At 60 requests per minute, you need to be careful when combining API and web scraping:

import time
from functools import wraps

def rate_limited(max_per_minute: int):
    \"\"\"Decorator to rate-limit a function.\"\"\"
    min_interval = 60.0 / max_per_minute
    last_called = [0.0]

    def decorator(func):
        @wraps(func)
        def wrapper(*args, **kwargs):
            elapsed = time.time() - last_called[0]
            wait = min_interval - elapsed
            if wait > 0:
                time.sleep(wait)
            result = func(*args, **kwargs)
            last_called[0] = time.time()
            return result
        return wrapper
    return decorator


@rate_limited(50)  # Stay under the 60/min limit
def safe_get_stats(client, release_id):
    return client.get_marketplace_stats(release_id)

Use Cases and What to Build With This Data

Discogs data supports several practical applications:

Price alert system: Monitor specific releases and send notifications when the lowest price drops below a threshold.

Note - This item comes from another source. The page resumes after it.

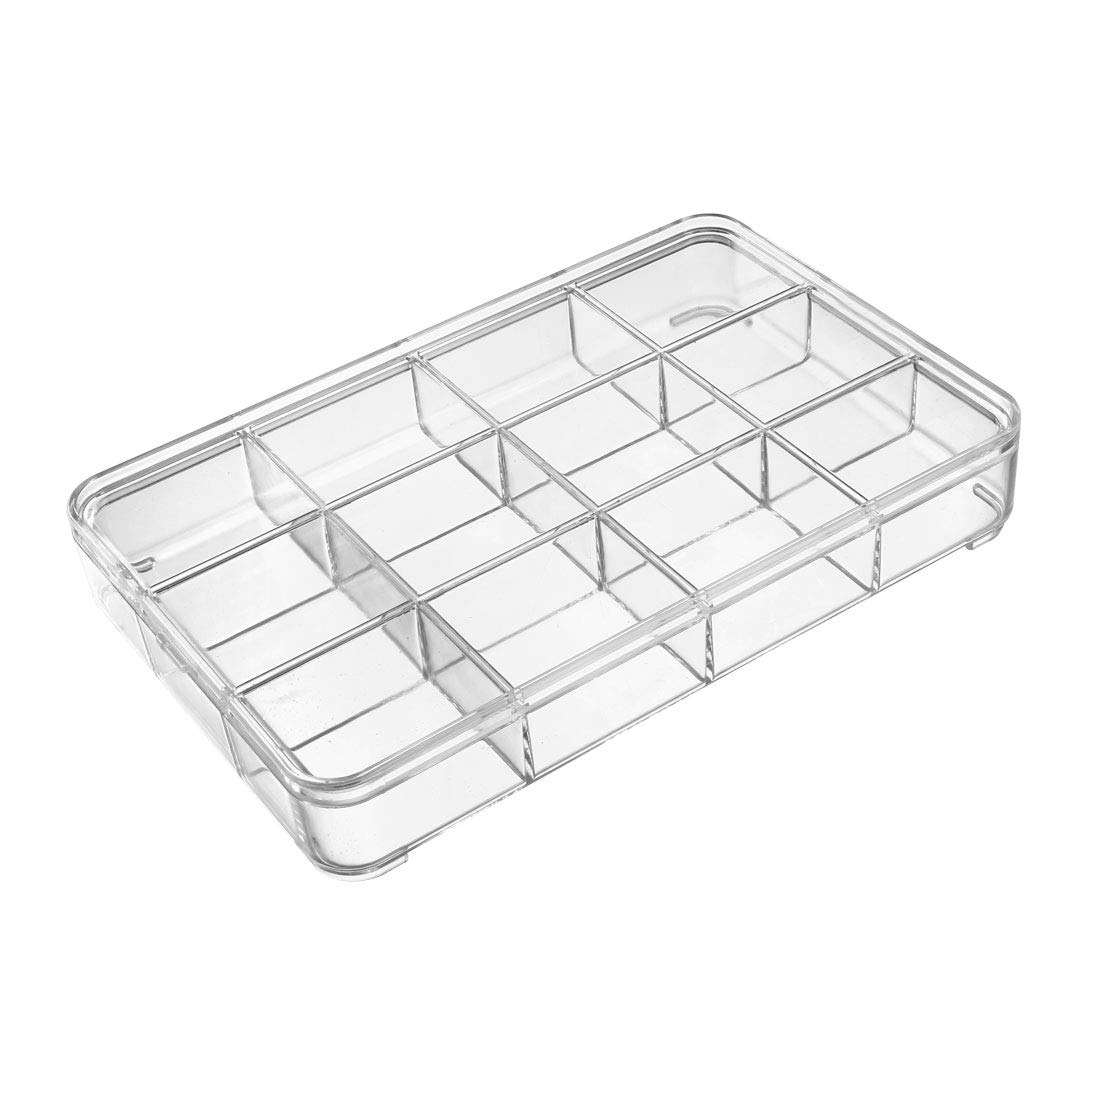 18 Inches x 72 ... Silver Diamond Plate Resilia Premium Tool Box Drawer Liner

Collectors use this to buy at market lows.

Pressing comparison tool: For any master release, show all pressing variants sorted by price. A Japanese pressing might be $200 while a UK pressing of the same master is $45.

Dealer inventory valuation: Record stores and estate sale buyers can quickly estimate collection value by cross-referencing with Discogs marketplace data.

Genre trend analysis: Track average prices by genre and decade over time. Identifying which sub-genres are trending before they get mainstream attention is where serious resellers make money.

Want list demand prediction: Releases with high want/have ratios and low current supply tend to appreciate. Building a scoring model on this data can surface buying opportunities.

Run this daily with a cron job and you will have a solid dataset for spotting underpriced records or tracking market trends across pressings. The API's 60 requests/minute is enough to track several hundred releases per run without any issues.